How to complete this task -> Every line of the material must come back exactly as given.

Dataset excerpt ->

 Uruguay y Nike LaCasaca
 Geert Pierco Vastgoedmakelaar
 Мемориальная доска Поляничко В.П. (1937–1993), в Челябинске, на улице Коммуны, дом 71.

Expected output ->
 Uruguay y Nike LaCasaca
 Geert Pierco Vastgoedmakelaar
 Мемориальная доска Поляничко В.П. (1937–1993), в Челябинске, на улице Коммуны, дом 71.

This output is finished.